As a fixture on the program of those big January Light of Day concerts produced by Benjamin and veteran promoter/ executive director Tony Pallagrosi (as well as ancillary L.O.D. events in places like Philadelphia and Niagara Falls), Grushecky has shared the stage with multiple generations of recording artists, in addition to movie stars, TV stars, circus stars — plus a certain Mr. Springsteen; composer of the song “Just Around the Corner to the Light of Day,” and a guy whose tendency to jam frequently with his Pittsburgh pal has made him not so much Joe’s Big Scary Friend as, quite possibly, Joe’s biggest fan.

“We share a lot of the same roots,” says Grushecky of Springsteen, who famously produced Joe’s 1995 solo album American Babylon — and who added his voice to the timely anthem “That’s What Makes Us Great” last year. “We’re the same age, same working-class background…I come from a family of coal miners…and you can say that our viewpoints are very closely aligned. It’s an easy friendship, and it translates whenever we play music together.”

Bruce, of course, is committed on Saturday to an 8 pm performance of the massively successful “Springsteen On Broadway” at NYC’s Walter Kerr Theatre — and the actual fact is that Grushecky has cultivated a solid Shore fanbase that transcends the rubberneckings of Boss birdwatchers, even as the Wonder Bar’s famous streetside windows make for an always-friendly casual viewing experience. But then again, Joe is quick to admit that “we’ve got a deep repertoire of Bruce material from years of playing with him,” and, well, stranger things have certainly happened on the streets of Asbury Park, NJ.

Above all else, the occasion will present an opportunity to spotlight material from the recent release More Yesterdays than Tomorrows, the first album of new songs issued under the Houserockers brand in nearly ten years — and a project partially made possible through a crowdfunding effort, an endeavor that Grushecky cites as “how we keep up with the ways in which the business has changed.” Among the current cast of Houserockers is Grushecky’s son Johnny, a guitarist who “was making music since he was a baby…he played with Bruce when he was eight years old; he was born with The Fever…and his production skills really shaped the course of the new album.”

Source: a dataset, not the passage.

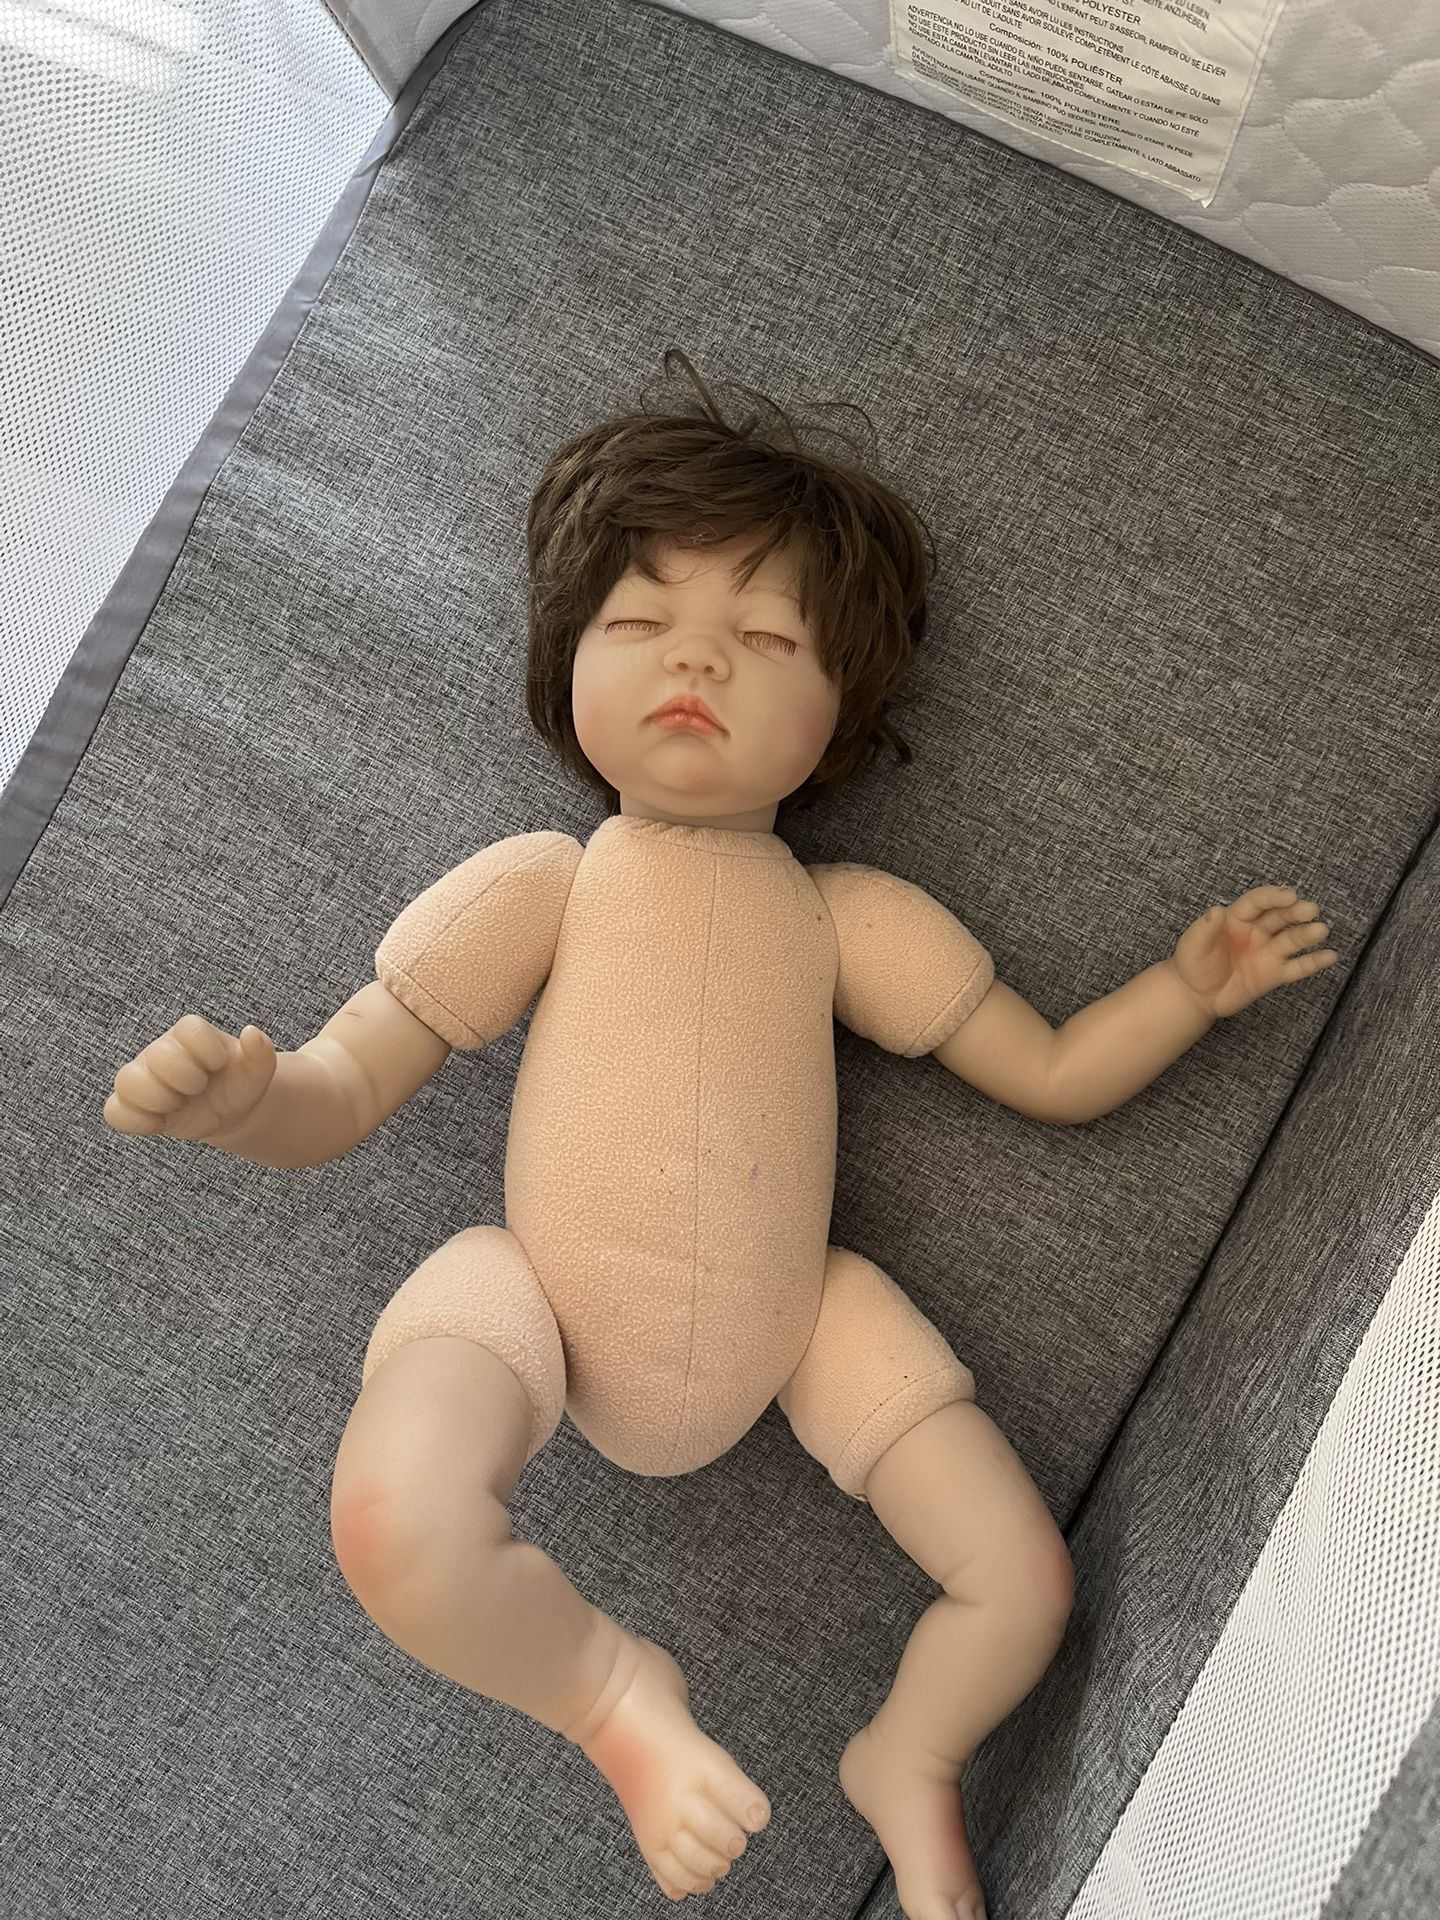 Reborn, Sleeping, Baby Doll

“If anything, I feel bad for the guys in the younger bands; what these young people have to endure these days just to get your attention, and just to make a go of it,” says the lanky veteran who, like his contemporary Springsteen, cut his teeth in the teen clubs of the 1960s, and the raucous rock clubs of the early 70s.

“We’d play four to five hours a night, several times a week,” he recalls, name-checking local Pittsburgh rooms like The Decade. “We jammed until we actually knew what we were doing…we learned lots of songs, and we didn’t have to worry about things like pay-to-play, or spending our own money on promoting the show.”

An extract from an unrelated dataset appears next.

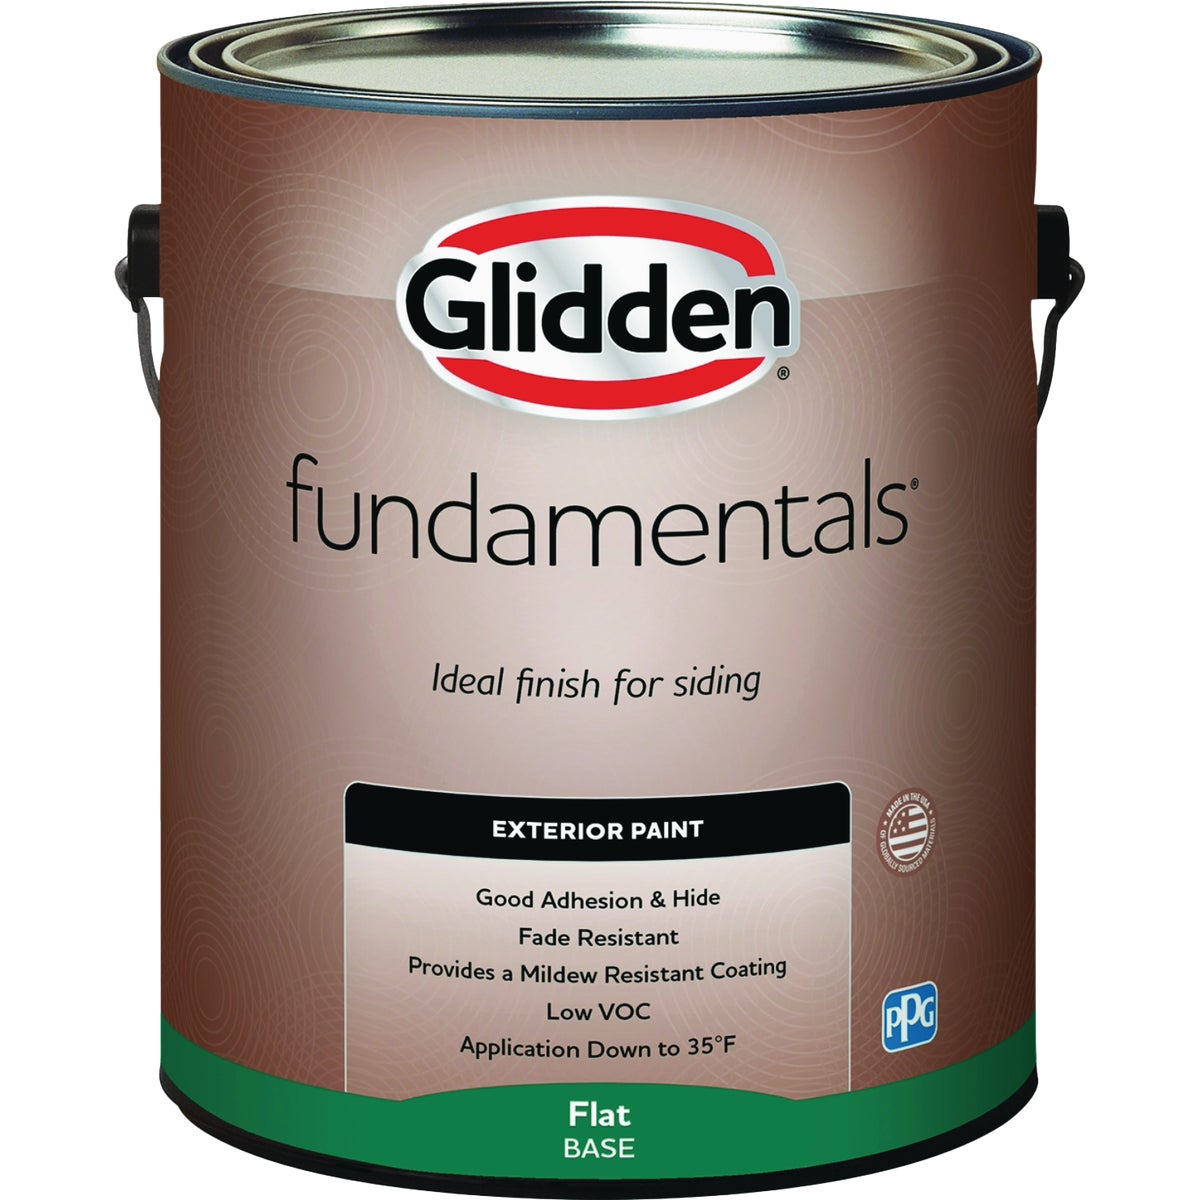 Glidden Fundamentals Exterior Paint Flat White Pastel Base Gallon

That degree of concern for the “trials and tribulations” of the younger generation is entirely in character for Grushecky, a longtime school teacher who returned to the profession following the breakup of the original Iron City Houserockers in the mid-1980s. A specialist in working with at-risk youth within the inner-city environment, he has at various times in his career taught students with Down syndrome, autism, and even schizophrenia.

“Teaching is a tough gig in general, and especially in a place that’s economically distressed,” he observes. “No funding, low pay, not much support for what we do…but we provide emotional support for a lot of these kids, and the rewards are there for the kids that we’re able to reach.”

Here in the interlude between school sessions, the Houserockers have stepped up their activity — and “I think we sound better than ever,” says Joe of the band that maintains a characteristically strong presence in its native Pittsburgh, while regularly playing to fervent fanbases in territory that extends “from D.C. to the south; Toronto and Niagara Falls to the north; Cleveland to the west, and Asbury Park to the east.”

“It’s nice to branch out now and then; work with other people that want to share their talents…but it’s always great to come home to the boys.”

Doors open at 8 pm for the July 14, with tickets ($20 in advance) available at wonderbarasburypark.com, or at the door for $25.